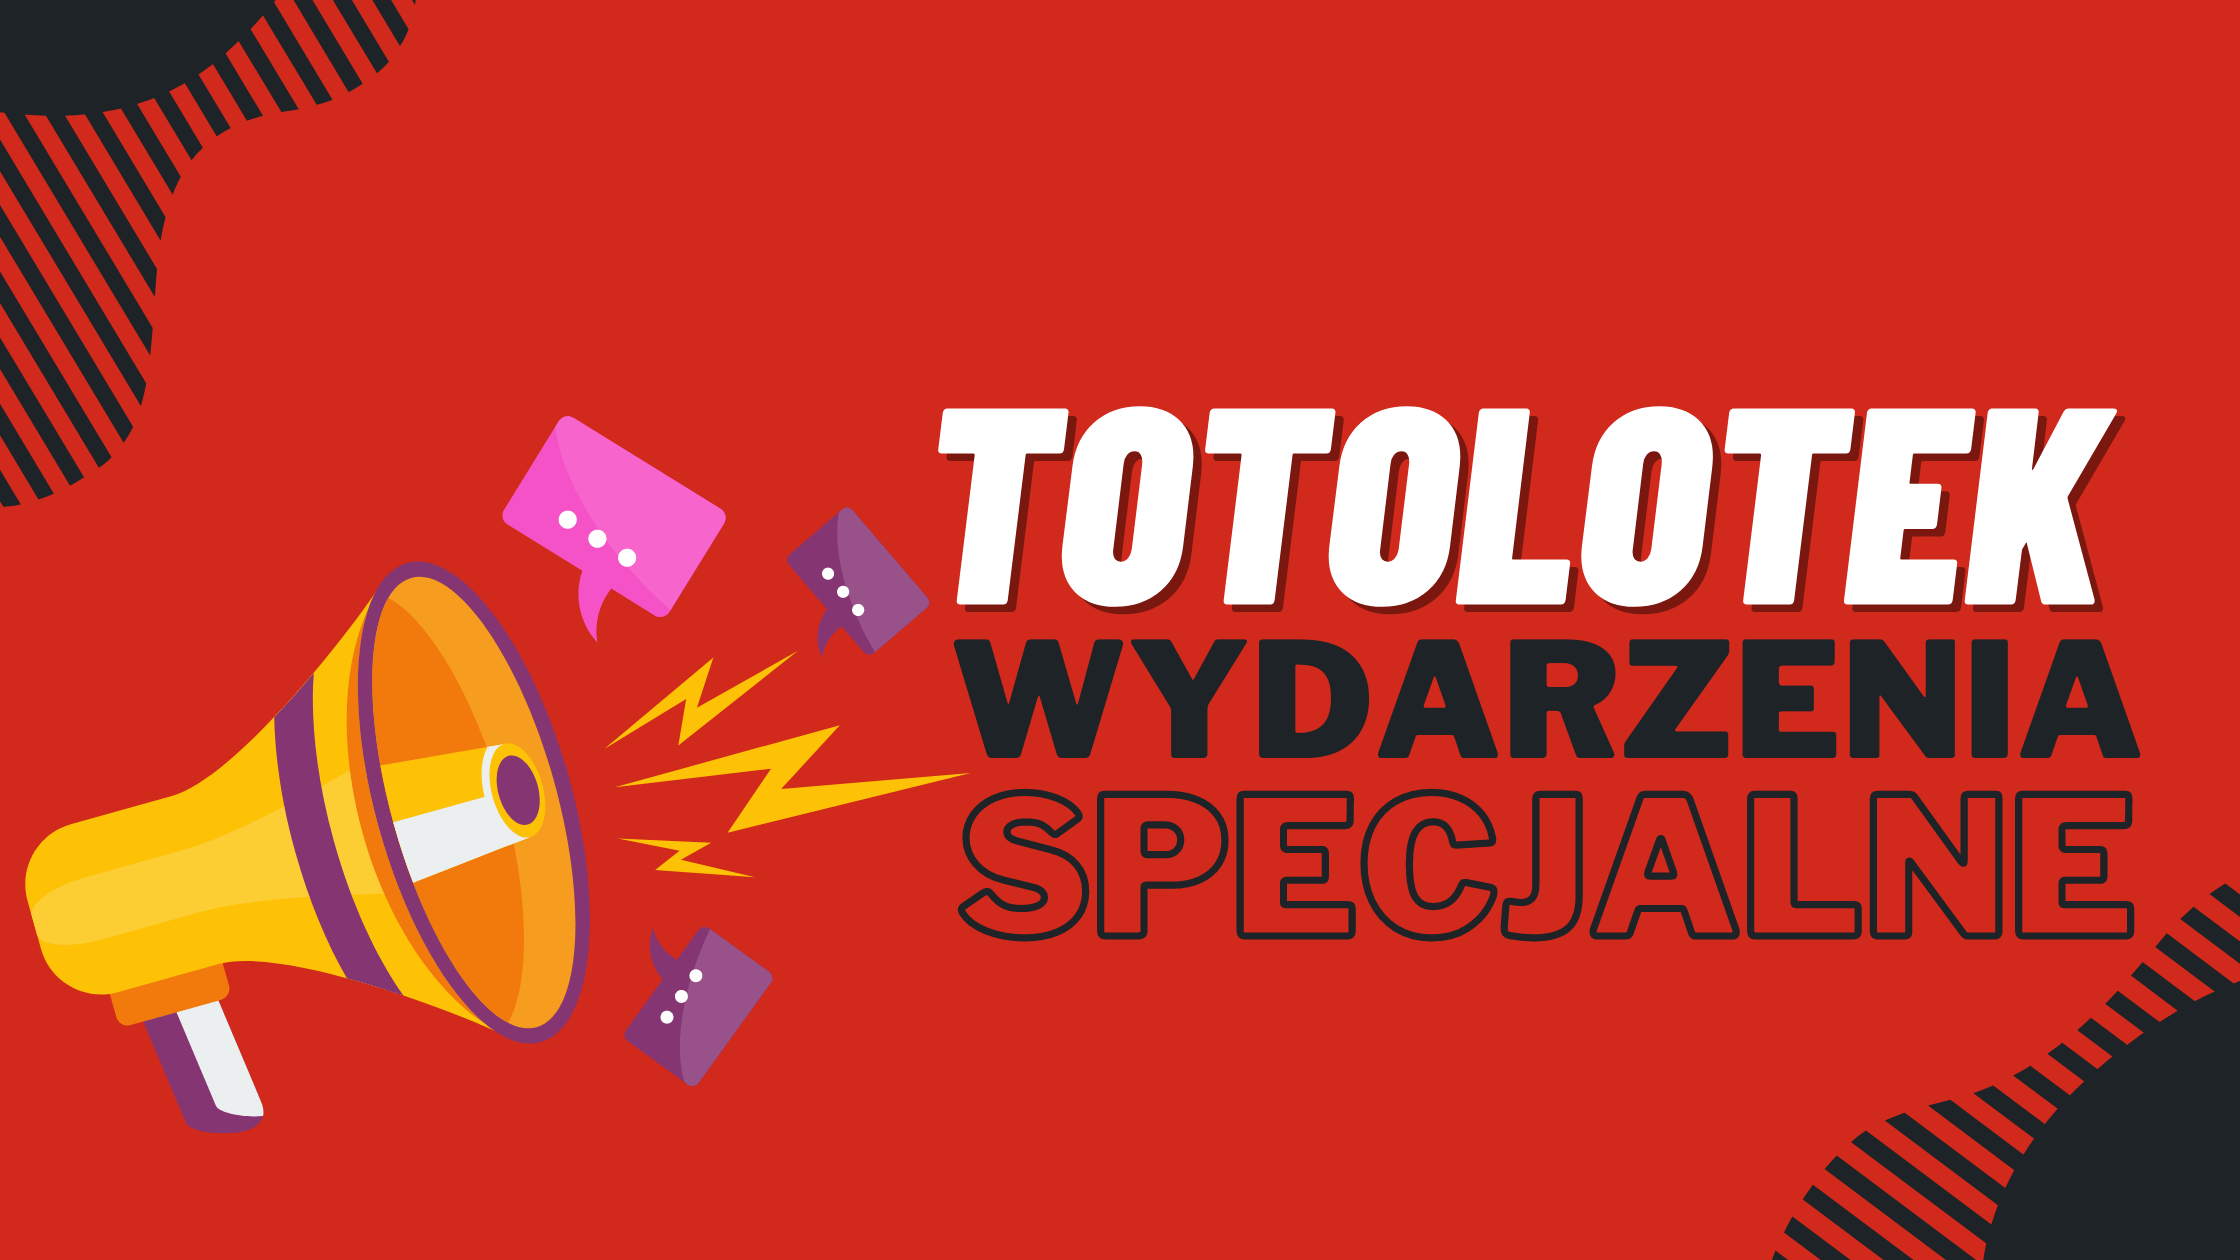 Legalny polski bukmacher Totolotek wydarzenia specjalne
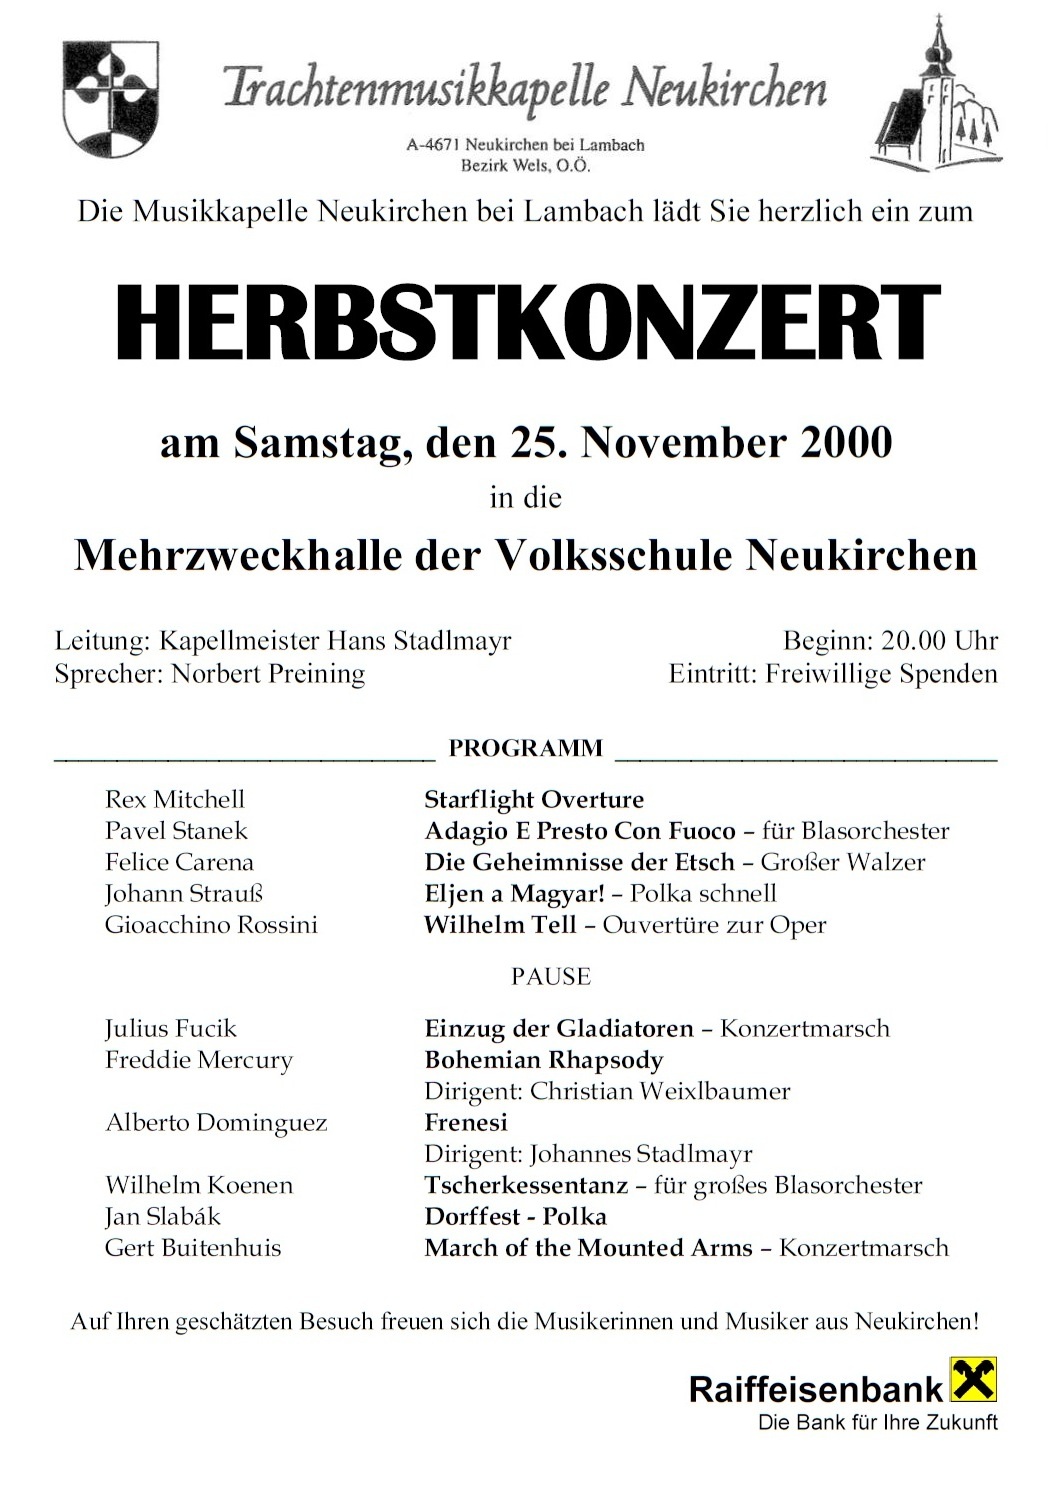 Herbstkonzert 2000
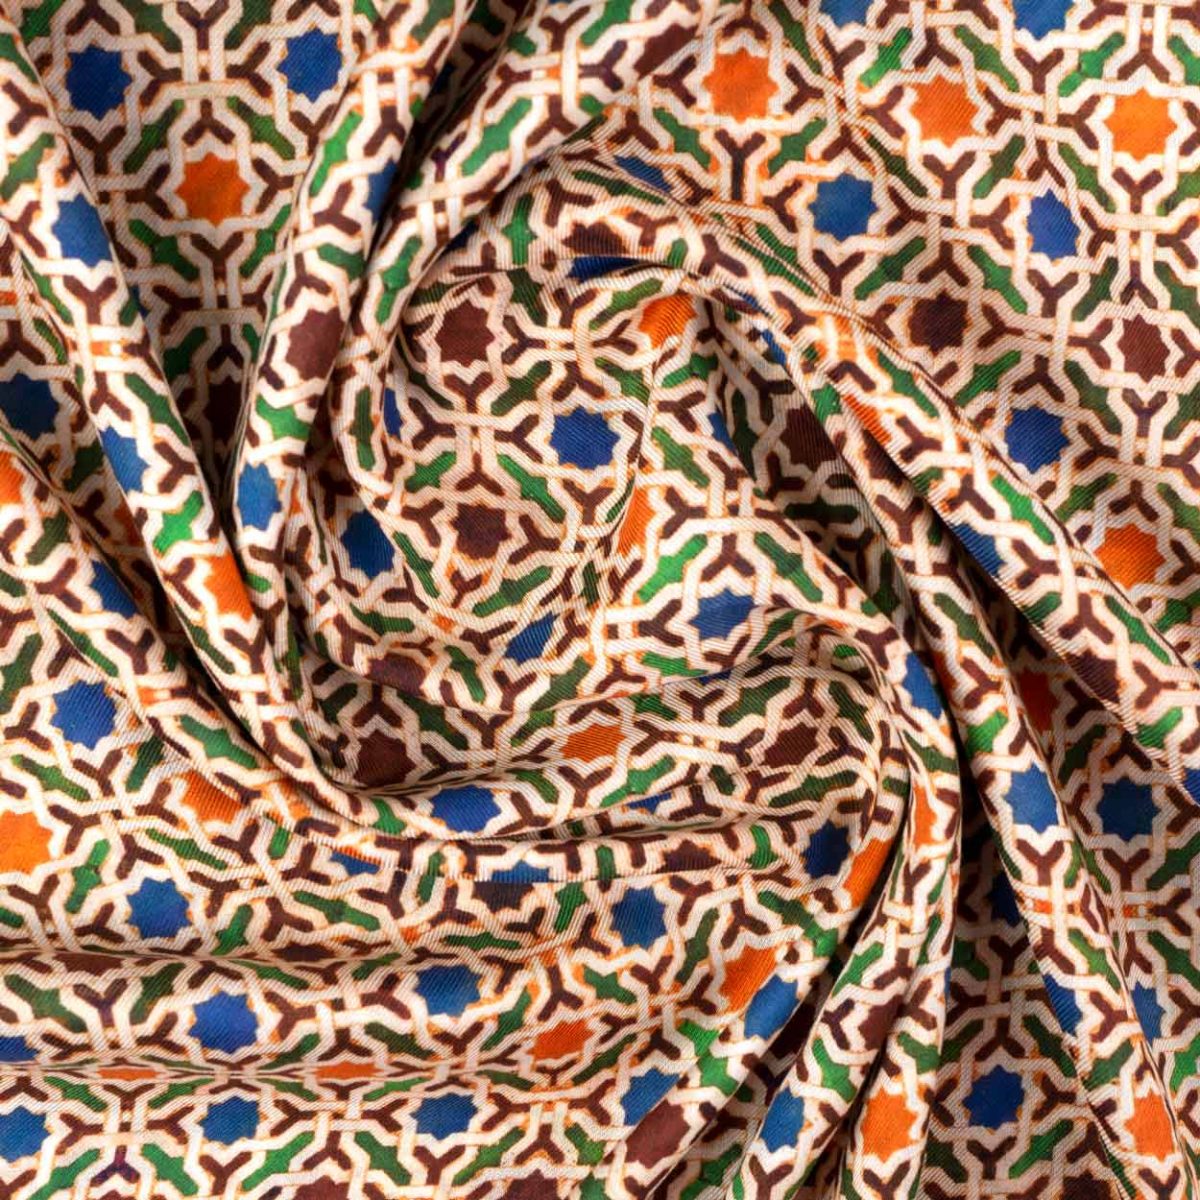 Detalle de pañuelo en tejido modal con estampado inspirado en los azulejos de marruecos

■ ■ ■

What is required >> Copy the preceding data in full and word for word, dropping its pictures.

Finished task >>
 Legalny polski bukmacher Totolotek wydarzenia specjalne
 Herbstkonzert 2000
 Detalle de pañuelo en tejido modal con estampado inspirado en los azulejos de marruecos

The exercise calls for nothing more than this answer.